Proof of a Generalized Ryu-Takayanagi Conjecture

Introduction

The paper establishes a generalized version of the Ryu-Takayanagi formula to evaluate the entanglement entropy in diffeomorphism invariant field theories. Using a path integral approach in the phase space, the paper offers a novel prescription for entanglement entropy, not constrained to theories with holographic duals.
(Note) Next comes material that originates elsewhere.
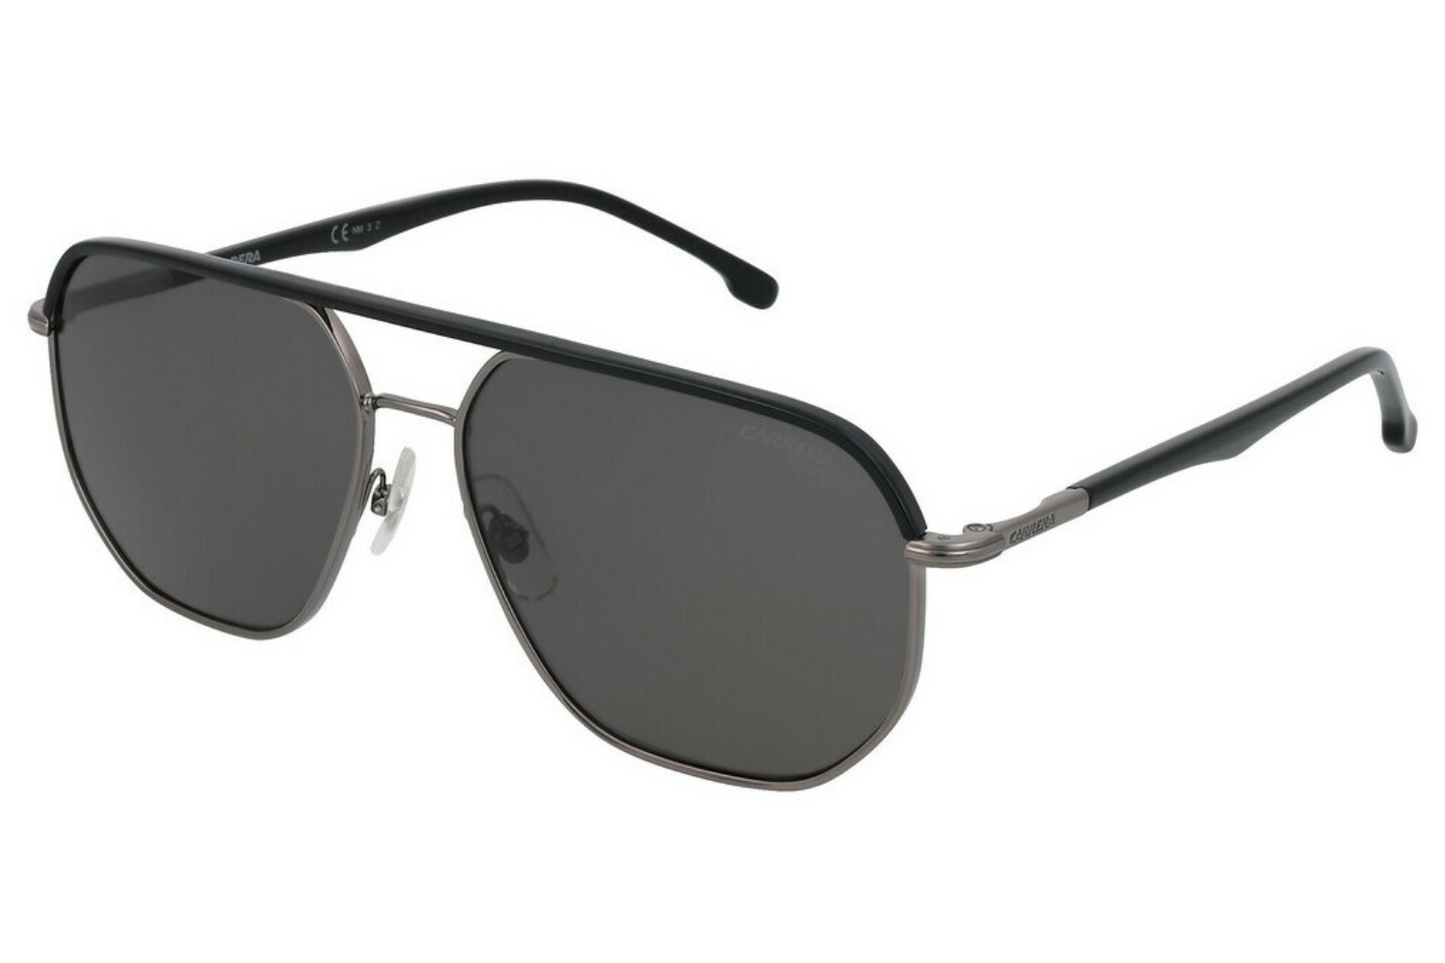 Carrera Sunglasses CA 304/S

This formal proof is significant as it extends prior hunches into rigorously derived results within quantum gravity.

Geometry of Possibilities

The research interprets quantum states as sums of possible evolutionary paths dictated by their geometrical properties, which defines the accuracy and resolve of measurable quantities in quantum mechanics. This "integral geometry" perspective allows a deeper exploration of quantum systems, including explanations for phenomena such as the limited state resolution in black holes (black hole entropy) and the mass gap in quantum chromodynamics (QCD).
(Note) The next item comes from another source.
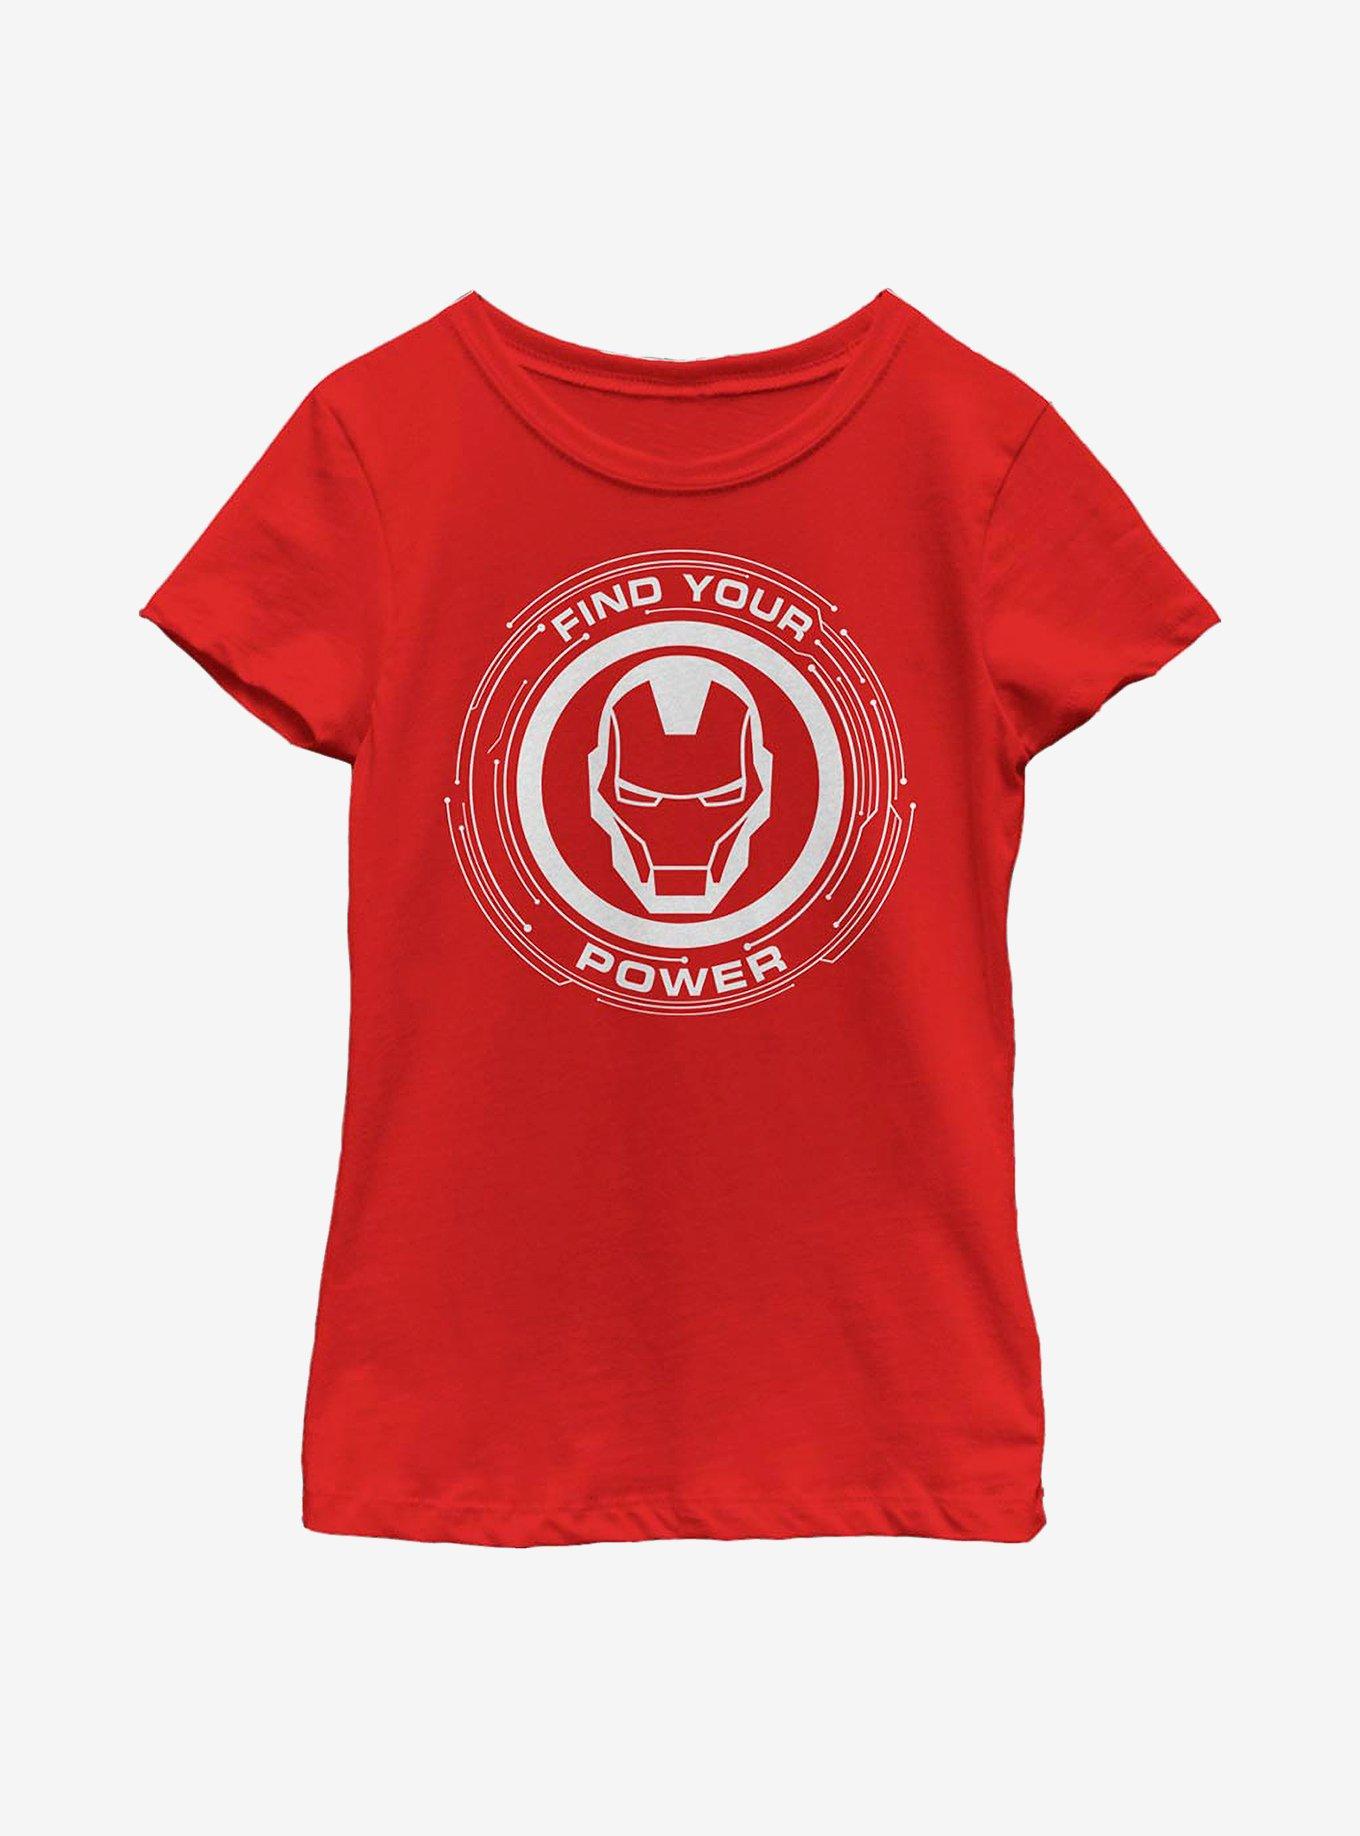 Marvel Iron Man Power Of Iron Man Youth Girls T-Shirt, RED, hi-res

Figure 1: Sigma is represented by the disk with the circle being its boundary. The possifold flow is defined by the surface B= X \cup A. It bounds the region Sigma(B) between X and A.

Central to deriving entanglement entropies is the use of an integral geometry approach over phase space paths. Associating submanifolds in phase space with entanglements, the analysis yields gravitational entropy bounds and integrates easily into the replica trick for deeper analysis of such systems.

Derived Entanglement Entropy Formula

The heart of the paper is the functional integral expression for entanglement entropies, applicable universally to diffeomorphism invariant field theories. The reliance on phase space sum paths and the intrinsic covariance intrinsic to quantum states culminate in a formal expression for modular and, consequently, entanglement entropy:

$S = -\operatorname{tr} (\rho \ln (\rho))$

The formula hinges on the replica trick, leveraging integer powers of density matrices and analytic continuations, painting a picture of entanglement entropic behavior reflective of underlying quantum states. The contact with phase space, not present in former prescriptions, enables broad applicability beyond holographically interpreted theories.

Evaluation of Entanglement Entropy

The paper delineates a replicable methodology for computing this entropy, from exact expressions for $\rho^n$ to numerical approaches via perturbations. In particular, the method for approximating solutions involves iterative refinement akin to extremizing the generator $K$ of the diffeomorphism invariant field theory:

1. Construction of Initial Geometries:
   • Foliation of spacetime with $\Sigma$, establishing the base for evolving solutions derived from field equations (Figure 1).
2. Replica Spacetime Translation:
   • Constructs a geometrically significant subsystem based on codimension-2 surface $B$, allowing deeper examination of entropic components as per given methodology.

     Figure 2: Visualization of the prescription to evaluate \eqref{33}.

3. Extremization Procedures:
   • Evaluation within classical limits to identify minimal action in spacetime evolvements, resulting in discernible quantum extremal surfaces.

Comparison with the Bulk-Boundary Correspondence

The methods align with Ryu-Takayanagi conjectures within bulk-boundary duality contexts, revealing the broader applicability and rigorous strengthening of its constituent equations. Augmenting the original prescription are adjustments regarding boundary deformations (Figure 1), enhancing traditional geometric understanding to boundary regions directly involved in spacetime evolutions.

Conclusion

This derivation confirms and broadens the Ryu-Takayanagi conjectures, illustrating universally applicable entropic evaluations in quantum field frameworks. By disentangling these aspects, the paper strengthens the geometric bridge across quantum entanglement and phase space dynamics., poised for further explorations in non-holographic settings and quantum cosmologies. These advancements foster additional inquiries into phase space dynamics as they pertain to the cumulative understanding of quantum gravitational systems.